DATA SHOWN:
+ + + + + + +
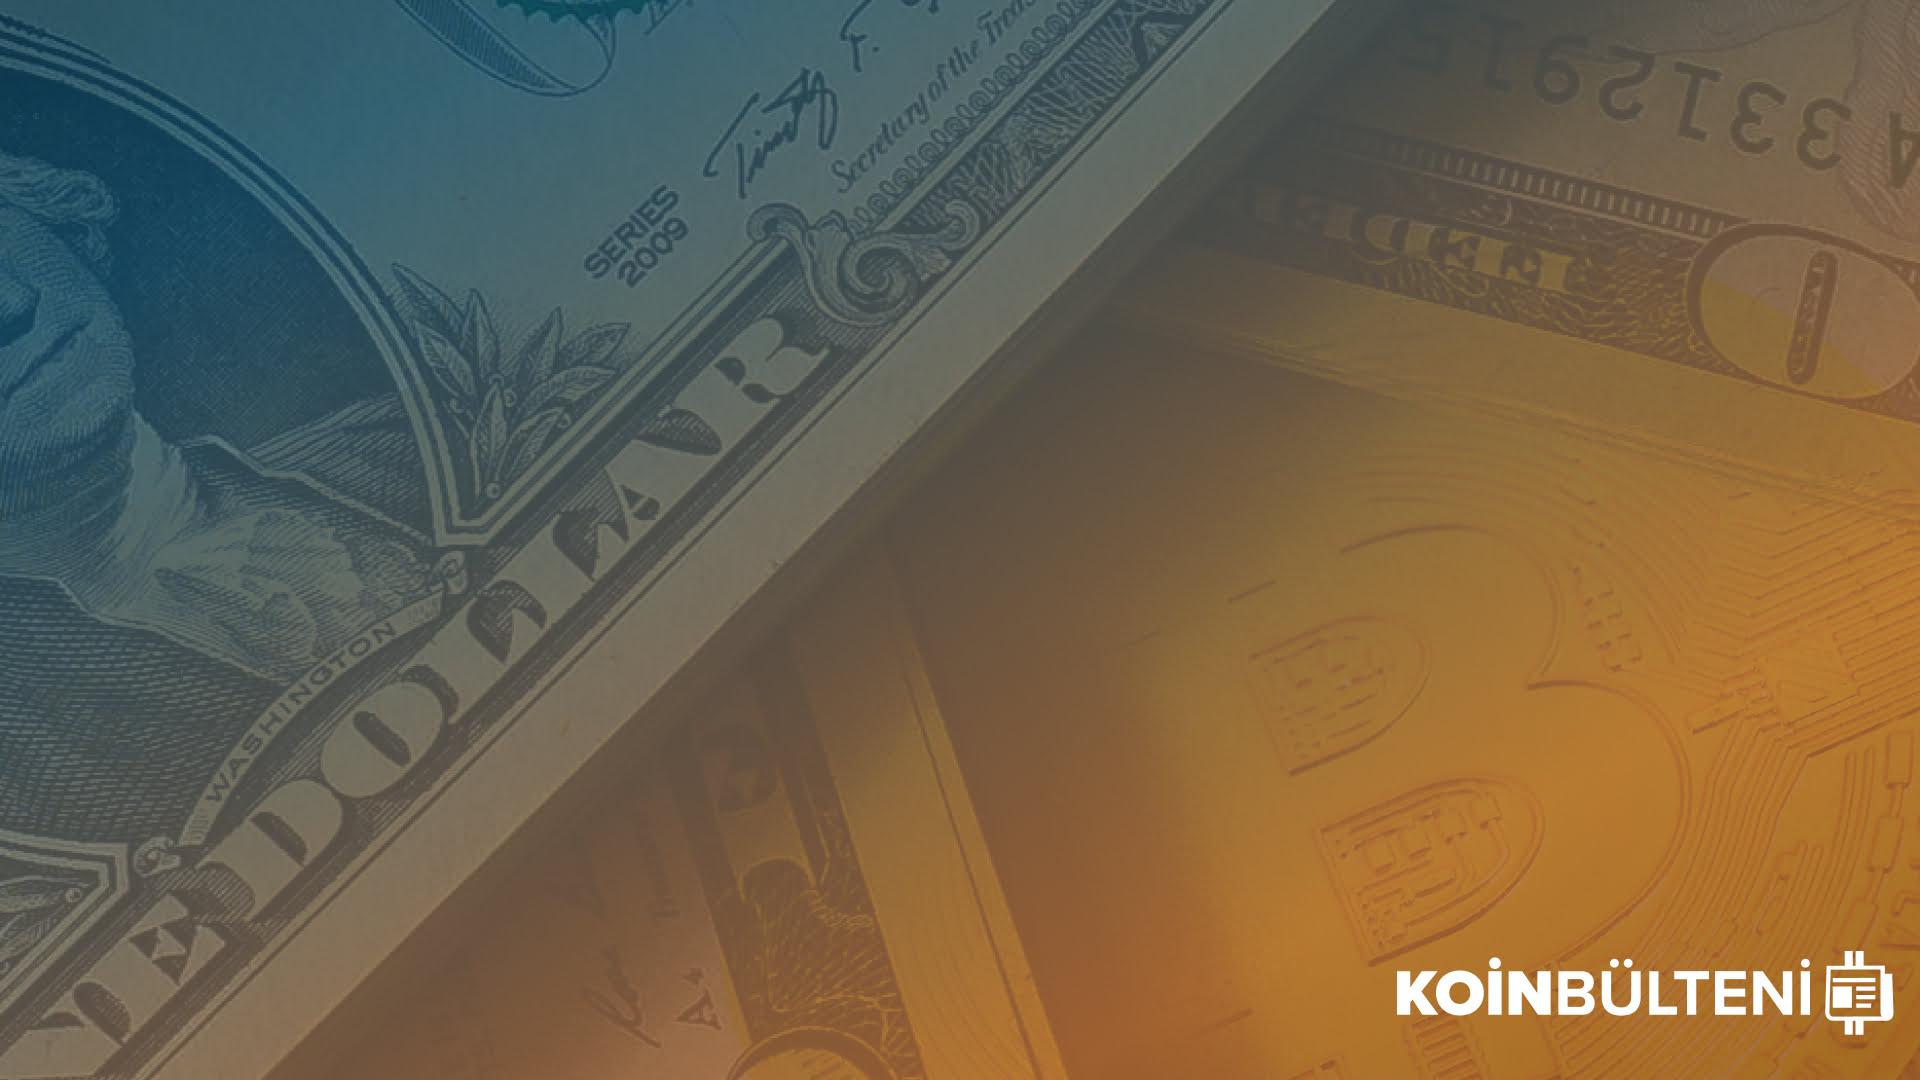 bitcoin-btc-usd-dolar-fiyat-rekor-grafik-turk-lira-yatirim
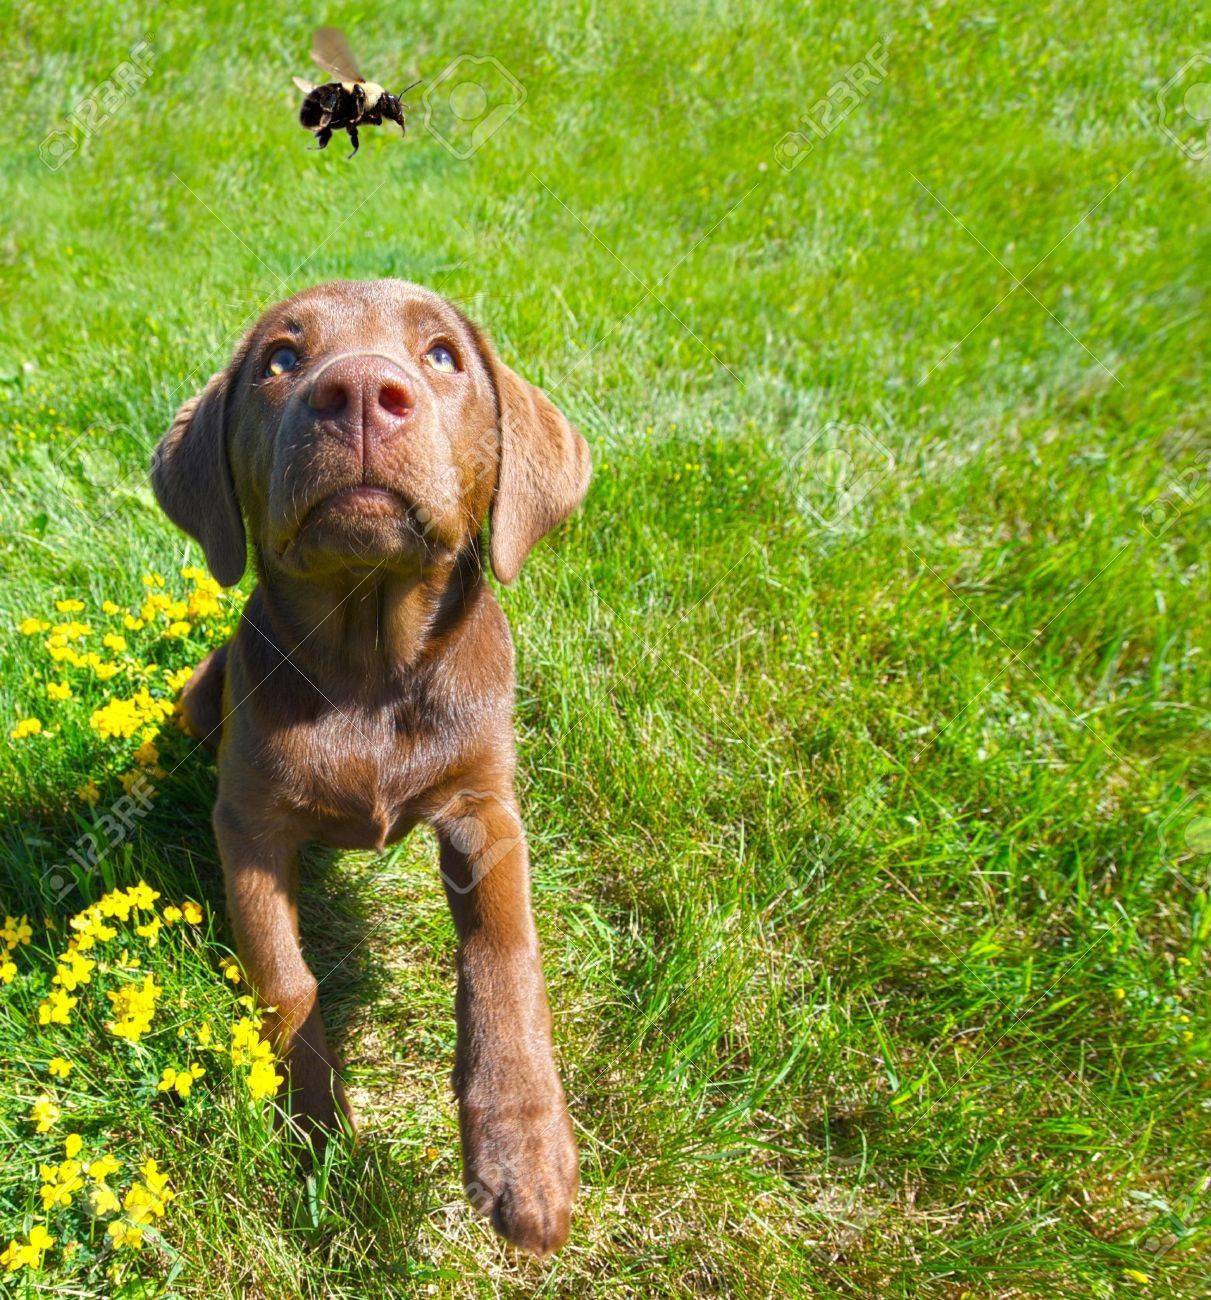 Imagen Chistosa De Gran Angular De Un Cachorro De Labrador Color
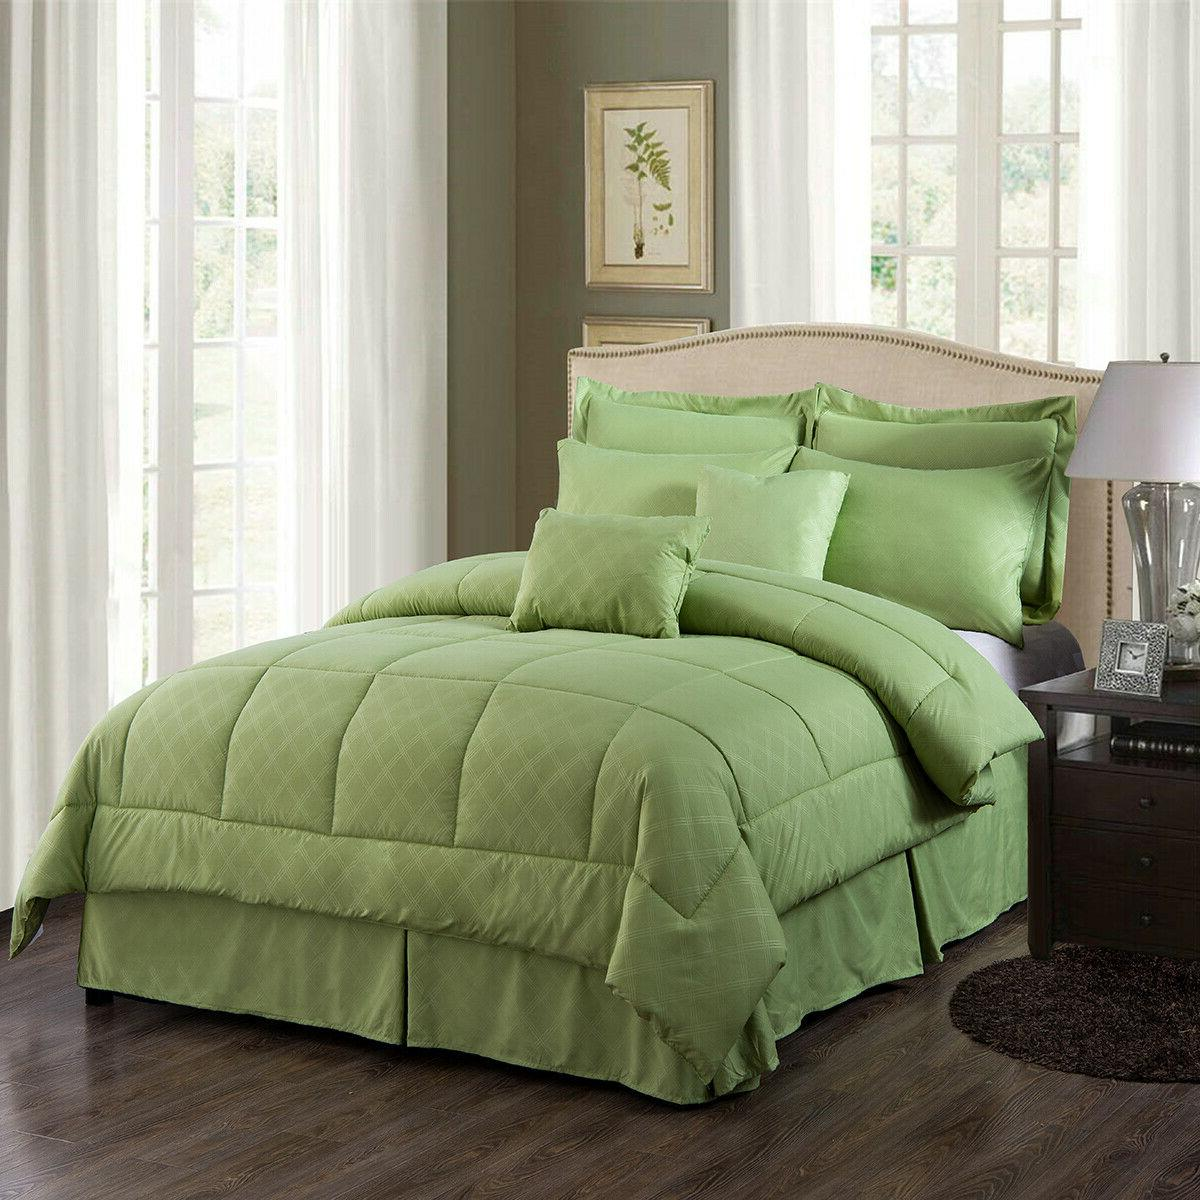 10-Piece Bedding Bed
+ + + + + + +
WORK TO BE COMPLETED:
Beginning with the line where "Imagen Chistosa De" appears, reproduce every remaining line of the listing above, the last one included, but none of the pictures.

ANSWER SECTION:
 Imagen Chistosa De Gran Angular De Un Cachorro De Labrador Color
 10-Piece Bedding Bed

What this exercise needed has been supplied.